SPARC: Ok, only 32 GPRs available at a time, but more in hardware
through the Window mechanism.
 
AMD29K: IIRC a 128-register stack and 64 additional registers
 
IA-64: 128 GPRs and 128 FPRs with register stack and rotating register
files to make good use of them.
 
The additional registers obviously did not give these architectures a
decisive advantage.
 
When ARM designed A64, when the RISC-V people designed RISC-V, and
when Intel designed APX, each of them had the opportinity to go for 64
GPRs, but they decided not to.  Apparently the benefits do not
outweigh the disadvantages.
 
 
In my experience:
  For most normal code, the advantage of 64 GPRs is minimal;
  But, there is some code, where it does have an advantage.
    Mostly involving big loops with lots of variables.
 
 
Sometimes, it is preferable to be able to map functions entirely to
registers, and 64 does increase the probability of being able to do so
(though, neither achieves 100% of functions; and functions which map
entirely to GPRs with 32 will not see an advantage with 64).
 
Well, and to some extent the compiler needs to be selective about which
functions it allows to use all of the registers, since in some cases a
situation can come up where the saving/restoring more registers in the
prolog/epilog can cost more than the associated register spills.

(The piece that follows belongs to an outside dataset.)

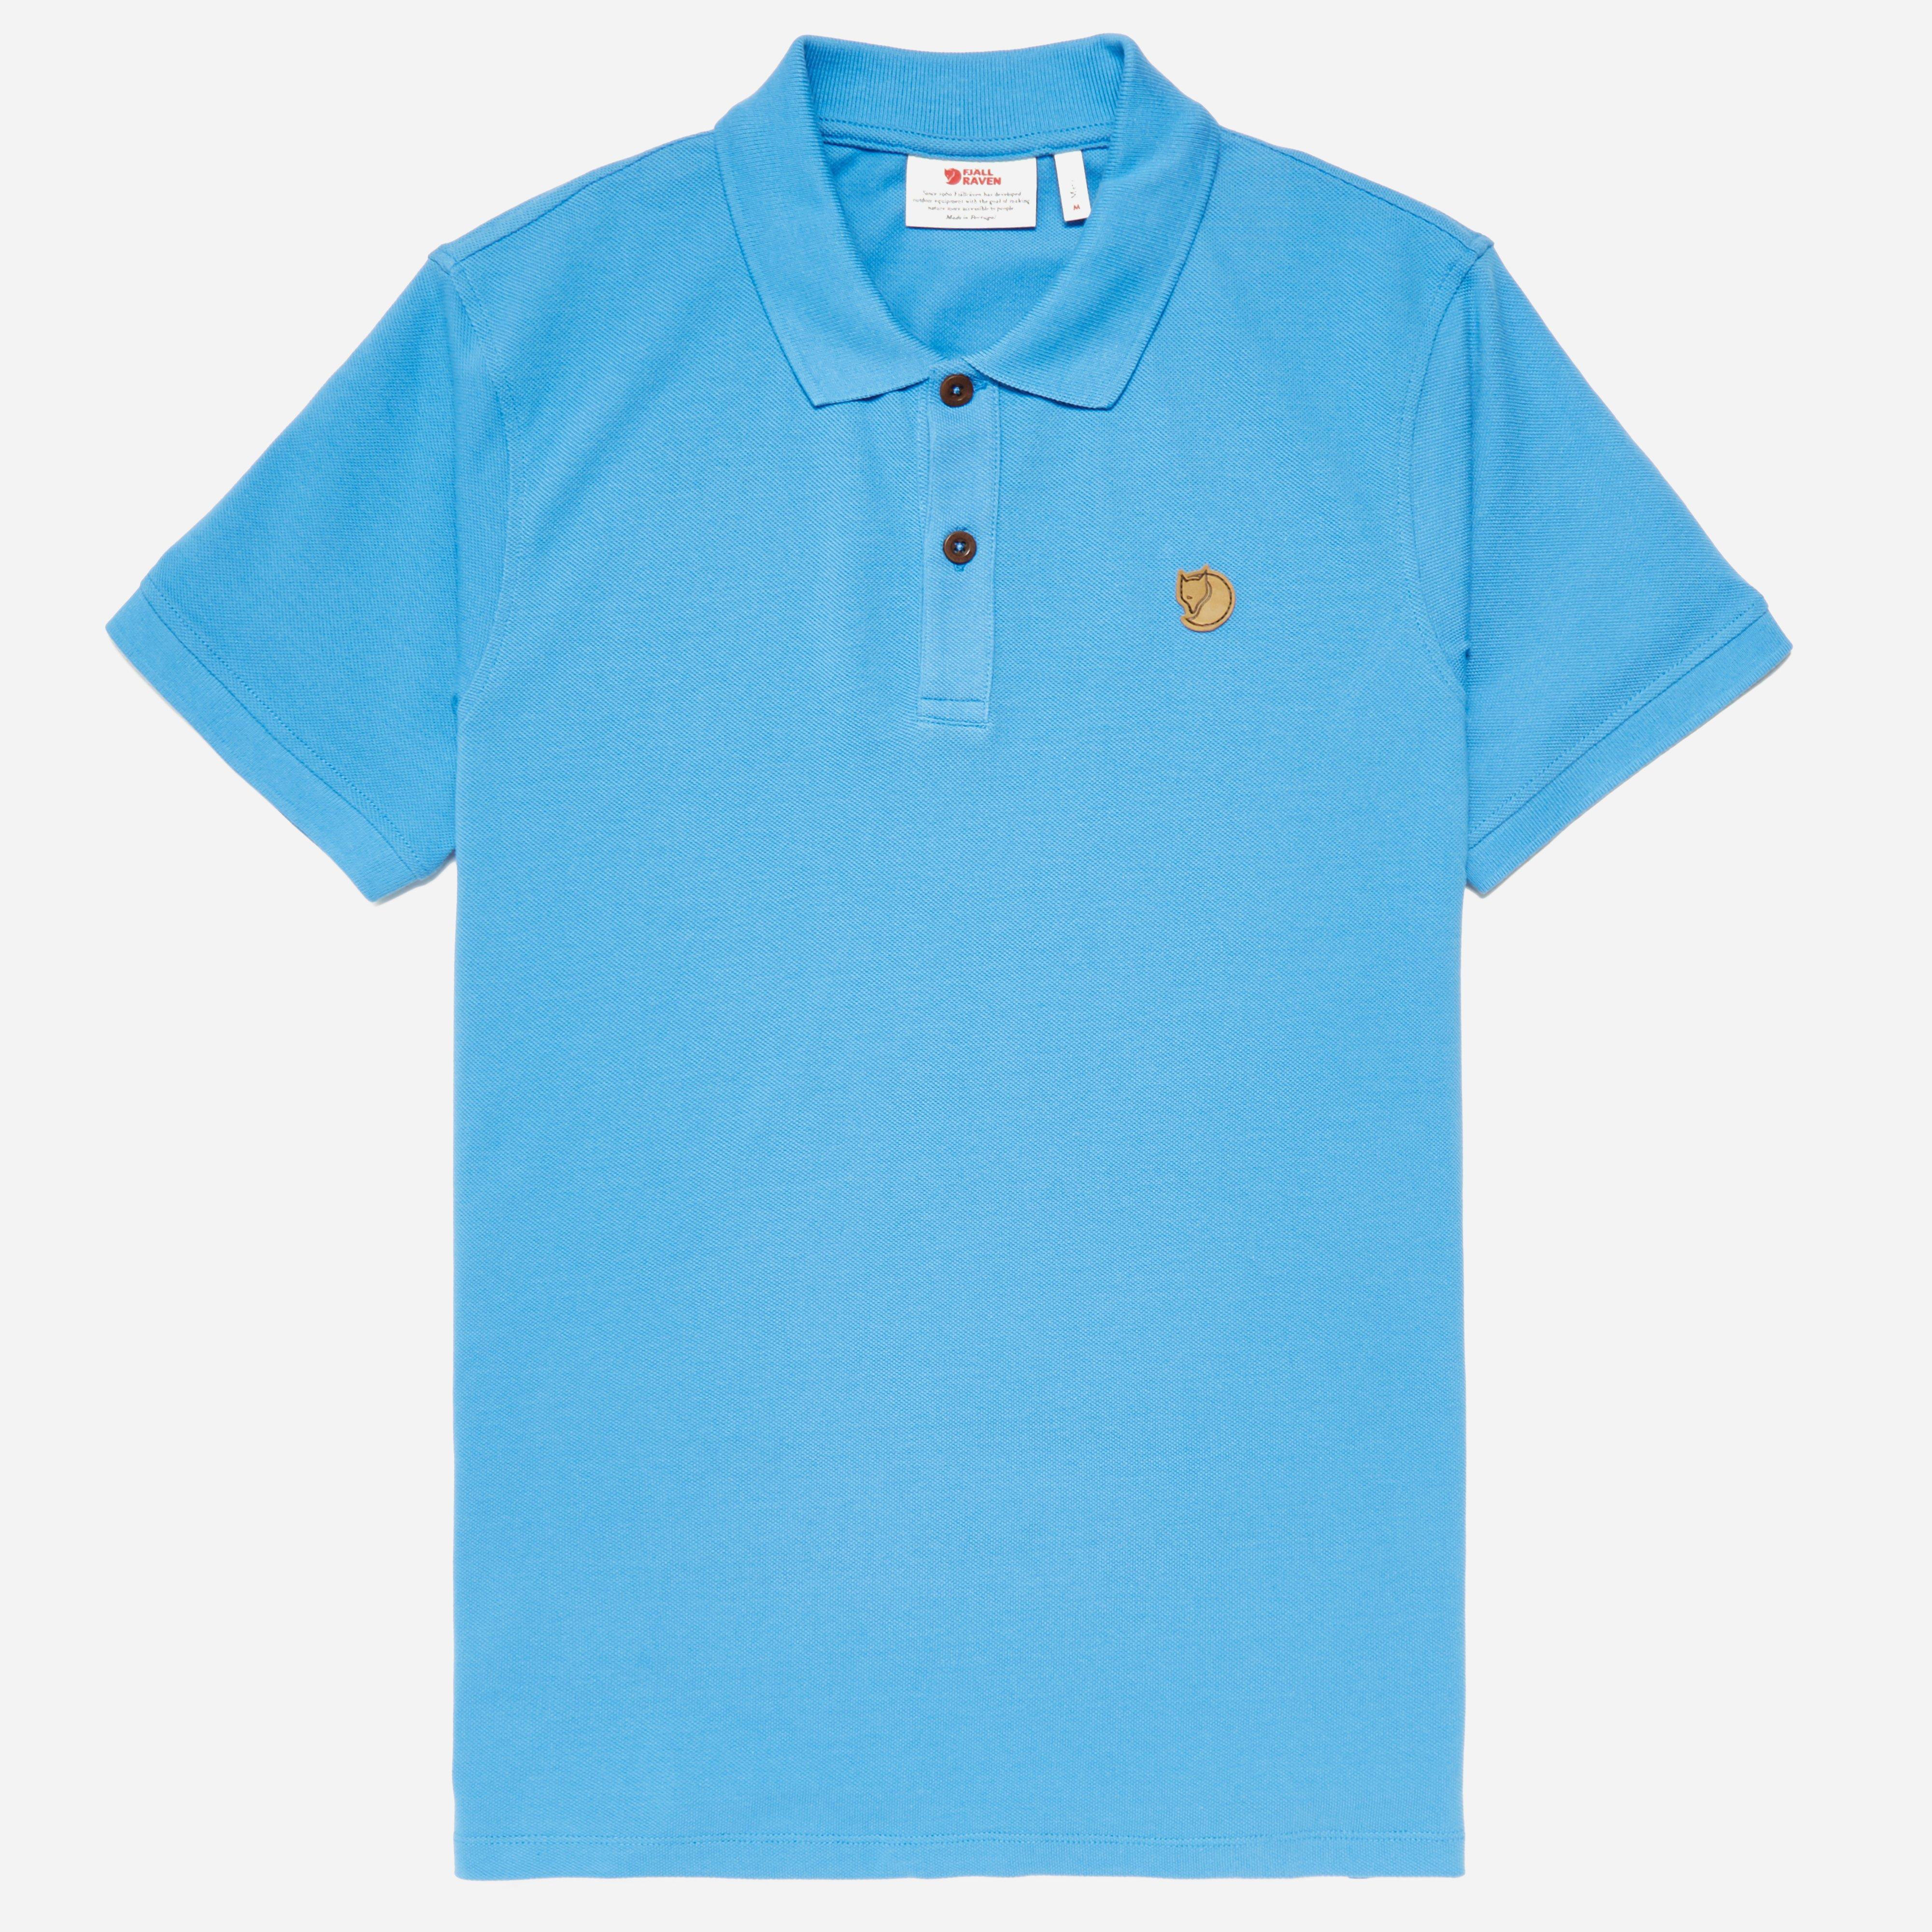 Fjallraven Ovik Polo Shirt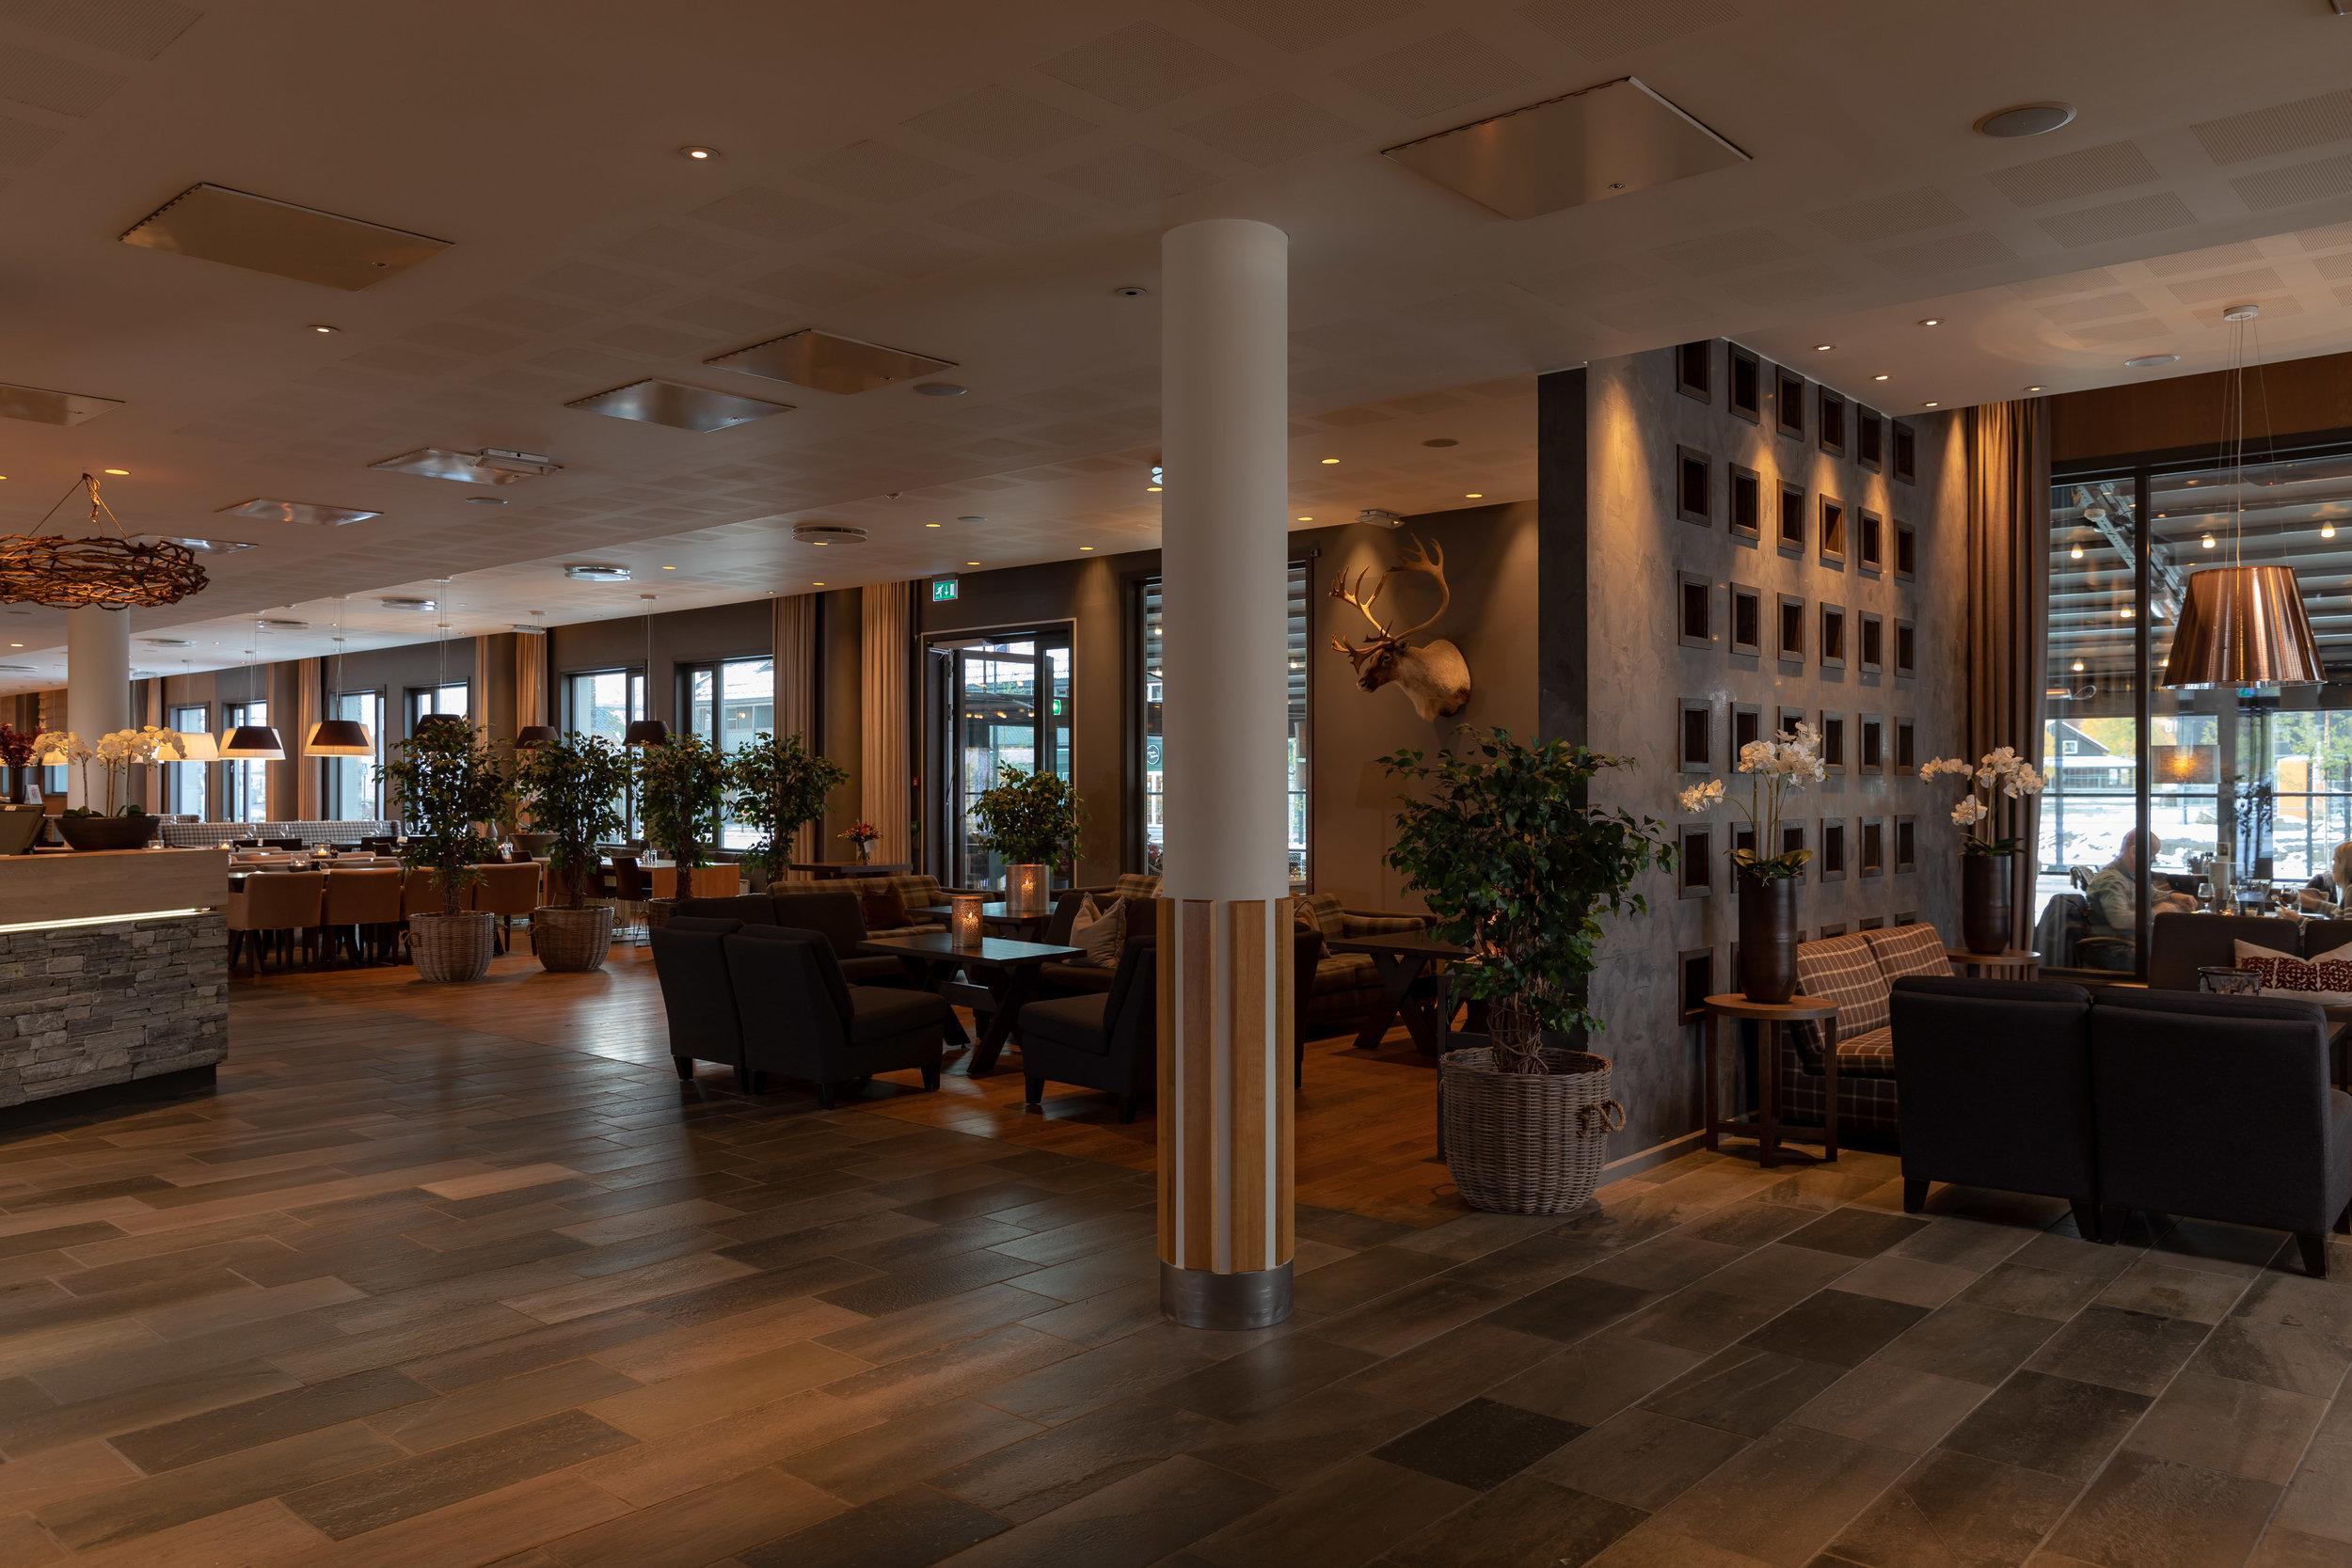 Skifer-Hotel-Oppdal-FotoKnoff-Sven-Erik-Knoff-0876.jpg

Another benefit of 64 registers is more inlining removing calls.

A call can cause a significant amount of garbage code all around that call,
as it splits your function and burns registers that would otherwise get
used.

I can understand the reluctance to go to 6 bit register specifiers, it
burns up your opcode space and makes encoding everything more difficult.
But today that is an unserviced market which will get customers to give you
a look. Put out some vapor ware and see what customers say.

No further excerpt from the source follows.